1246701 - Prepare download-stats.mozilla.org for log ingestion

Reporter

Description

•

9 years ago

Stub installer pings are simple HTTP GETs to download-stats.mozilla.org. This bug tracks work that Wes needs to do to prepare for ingesting those logs into heka. This may mean moving that host into cloud services operations or something else.

Thomas Huelbert

Comment 1

•

9 years ago

please update with blocker tickets

Priority: -- → P2

Rob Miller [:rmiller]

Updated

•

9 years ago

Points: --- → 3

Priority: P2 → P1

Wesley Dawson [:whd]

Comment 2

•

9 years ago

The code for loading redshift is now living at https://github.com/whd/dsmo_load (based off of https://github.com/rafrombrc/push_derived), non-boilerplate files of which are: https://github.com/whd/dsmo_load/blob/master/hindsight/hs_run/output/dsmo_redshift.lua https://github.com/whd/dsmo_load/blob/master/heka/usr/share/heka/lua_filters/nginx_redshift.lua I'm going with a hybrid of heka+hindsight approach (heka tcpoutput + hindsight tcpinput) because our standard provisioning logic is all heka-based and we don't have all the necessary pieces implemented in hindsight yet. The steps remaining, roughly, are: Provisioning logic (puppet+CFN, already a WIP) Test provisioning in stage Acquire SSL cert for download-stats from IT Provision prod, change DNS record from A to CNAME and point at cloud services environment Set up redshift access for :mhowell, :bsmedberg and others I anticipate cutting over DNS early next week. Fortunately(?) there is really nothing to cut over from right now because per :mpressman and empirically d-s.m.o is currently being /dev/null'ed.

Wesley Dawson [:whd]

Comment 3

•

9 years ago

I cut this over on Monday, and things appear to be more or less working. I've hooked it into redash instead of setting up VPN access, see https://sql.telemetry.mozilla.org/queries/78 for an example. The data from 20160322 had some bugs related to processing the error codes (https://github.com/whd/dsmo_load/commit/0f8cf7b1aa2959ca6e4c07f852f46a1987977f0b) but we can backfill this since we keep the "raw" data in an s3 bucket. I've elected not to fix things because the code in dsmo_load hasn't been reviewed and possibly contains other errors, which should be fixed before I do a proper backfill. :mhowell can you take a look and see if the data showing up in redshift looks correct? As an aside, there seem to be a non-zero number of "v5" stub installer pings that the parsing logic is dropping. We can add support for this format if it is desirable.

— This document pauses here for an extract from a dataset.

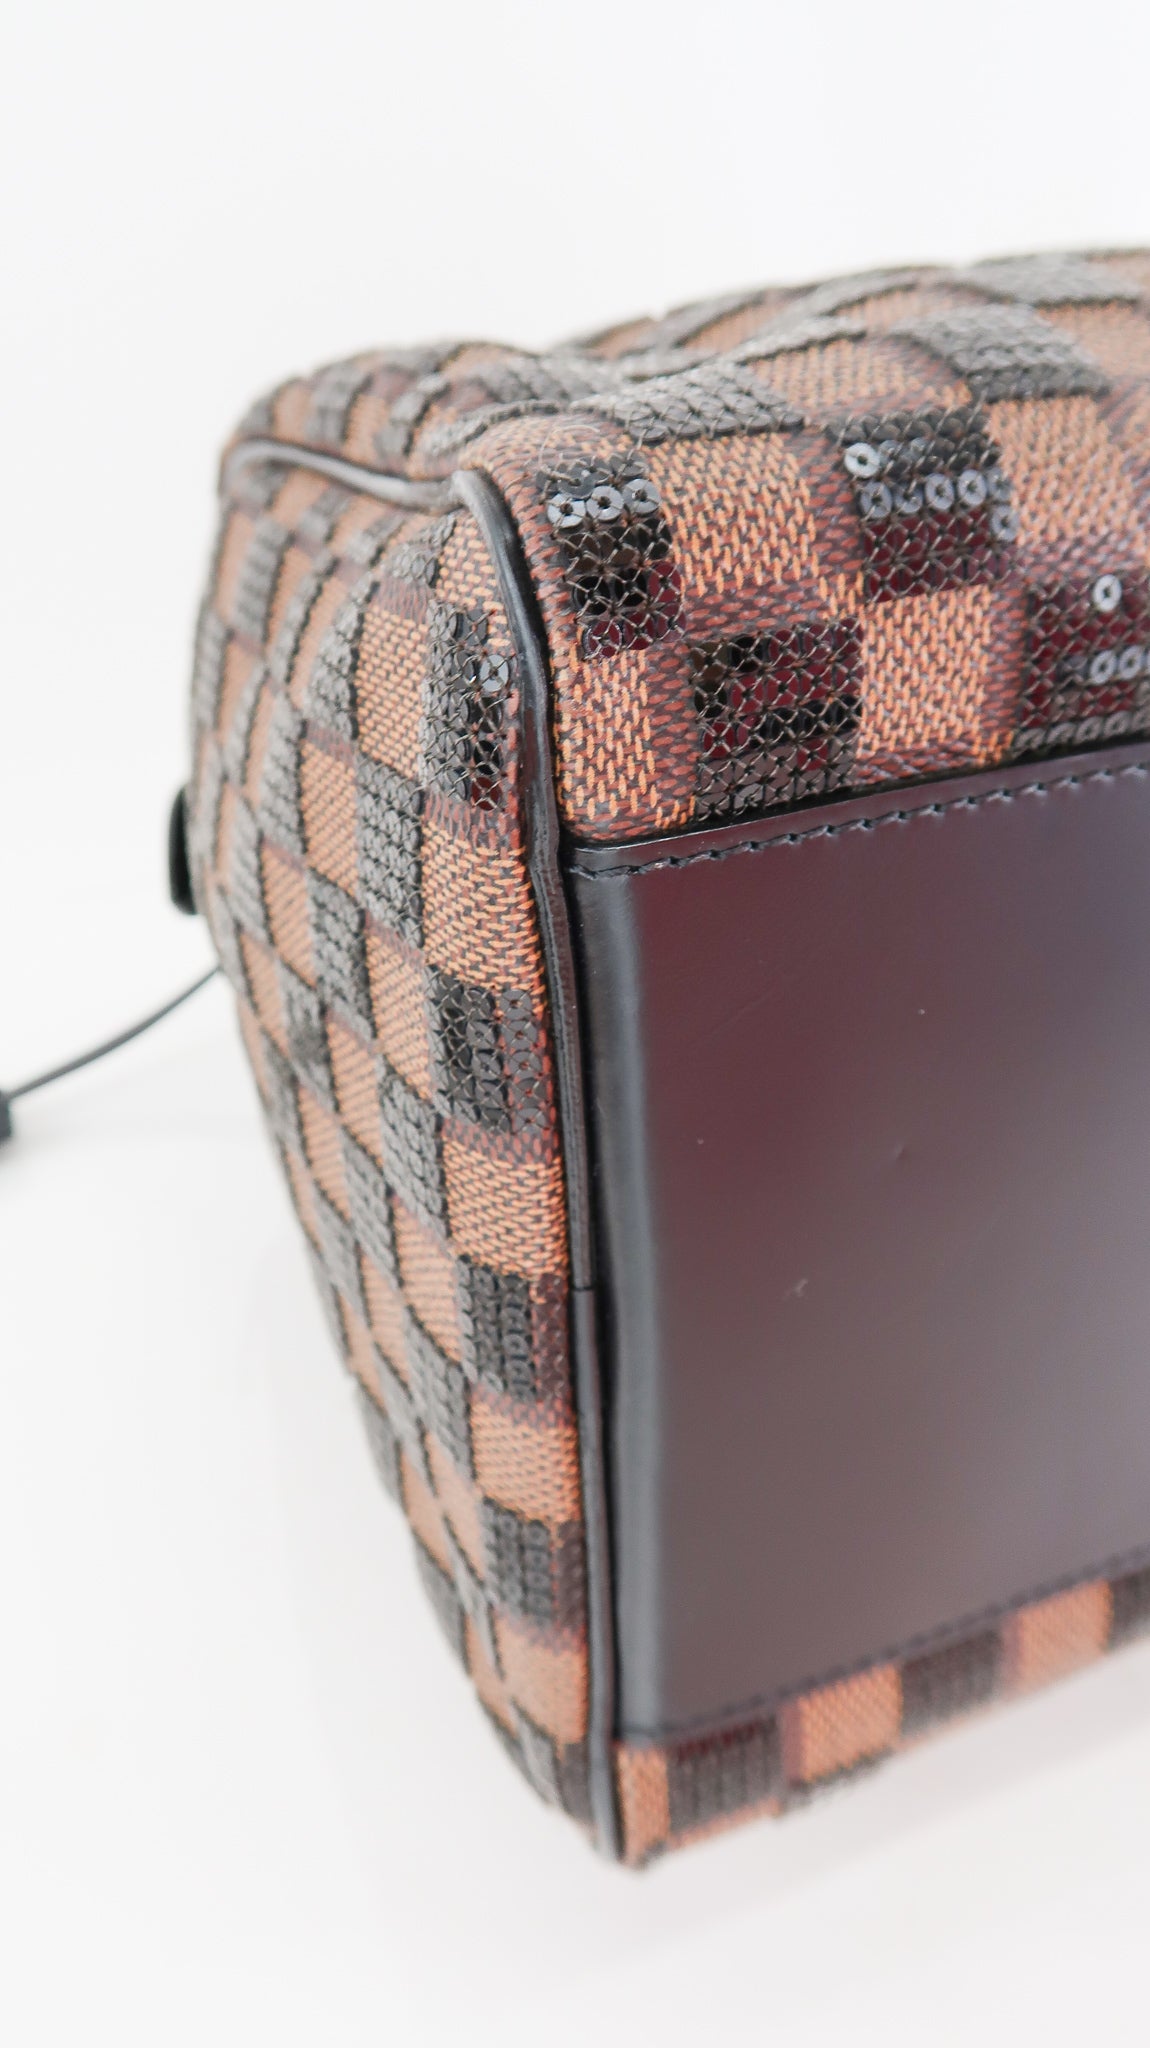 Louis Vuitton Speedy Damier Paillettes 30 Limited Edition Sequined Handbag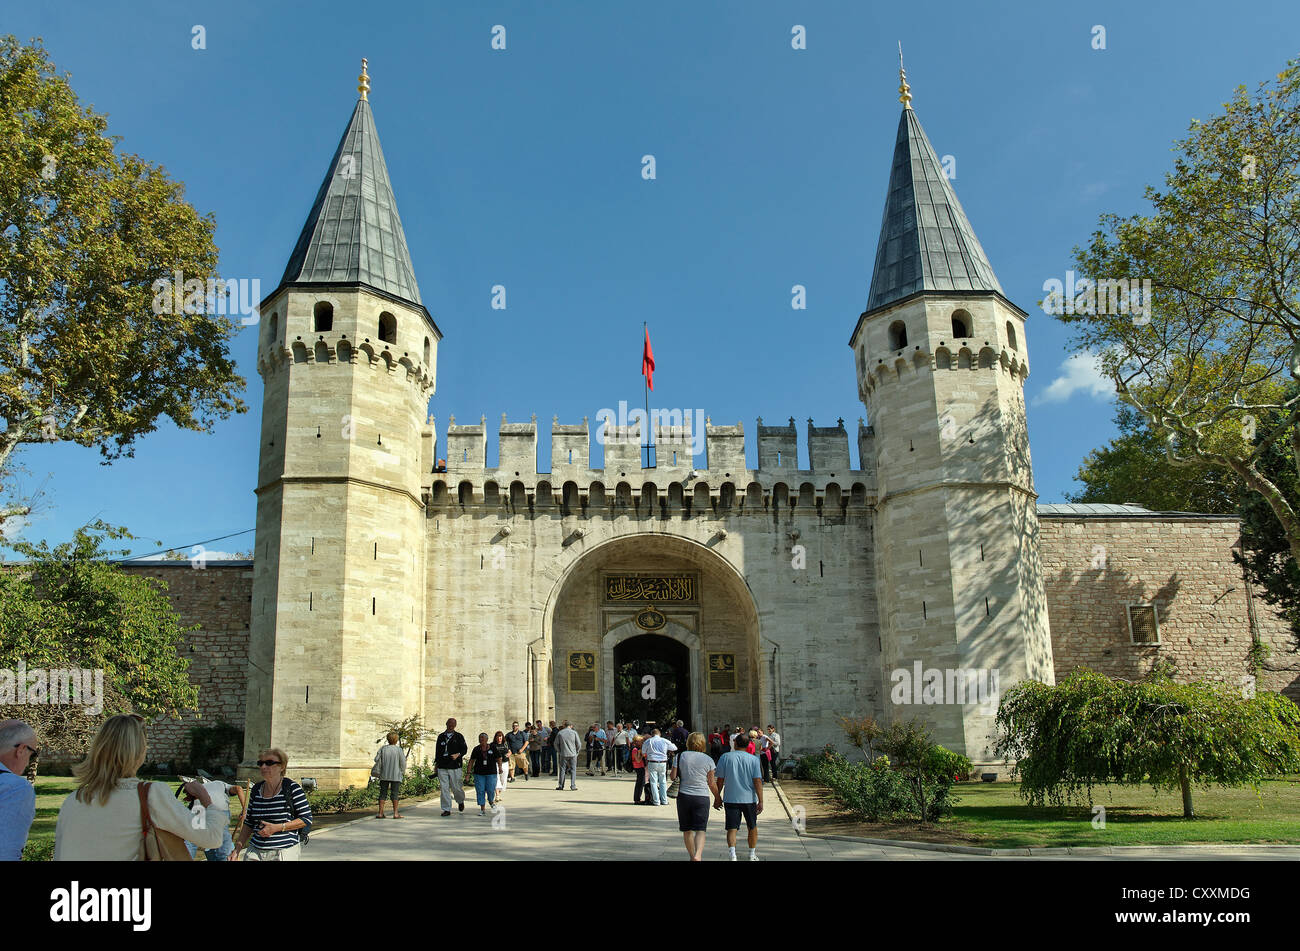 Entrance gate of the Topkapi Palace at Sultanahmet, Istanbul, Turkey. Stock Photo

Molly Howell (she/her) (mostly inactive)

Comment 4

•

9 years ago

(In reply to Wesley Dawson [:whd] from comment #3) > :mhowell can you take a look and see if the data showing up in redshift > looks correct? Yeah, I took a quick peek on redash and the data looks good. The only confusing thing I immediately see is a lot of rows (~5%) with version and build_id unset; zero is normal, but empty really should not happen. I don't know what to think of that at the moment; there's as much a chance of that being a bug in the installer as anything else. > As an aside, there seem to be a non-zero number of "v5" stub installer pings > that the parsing logic is dropping. We can add support for this format if it > is desirable. I don't think that will be necessary; it looks like v6 was introduced about Firefox 30, so those pings are for versions older than that.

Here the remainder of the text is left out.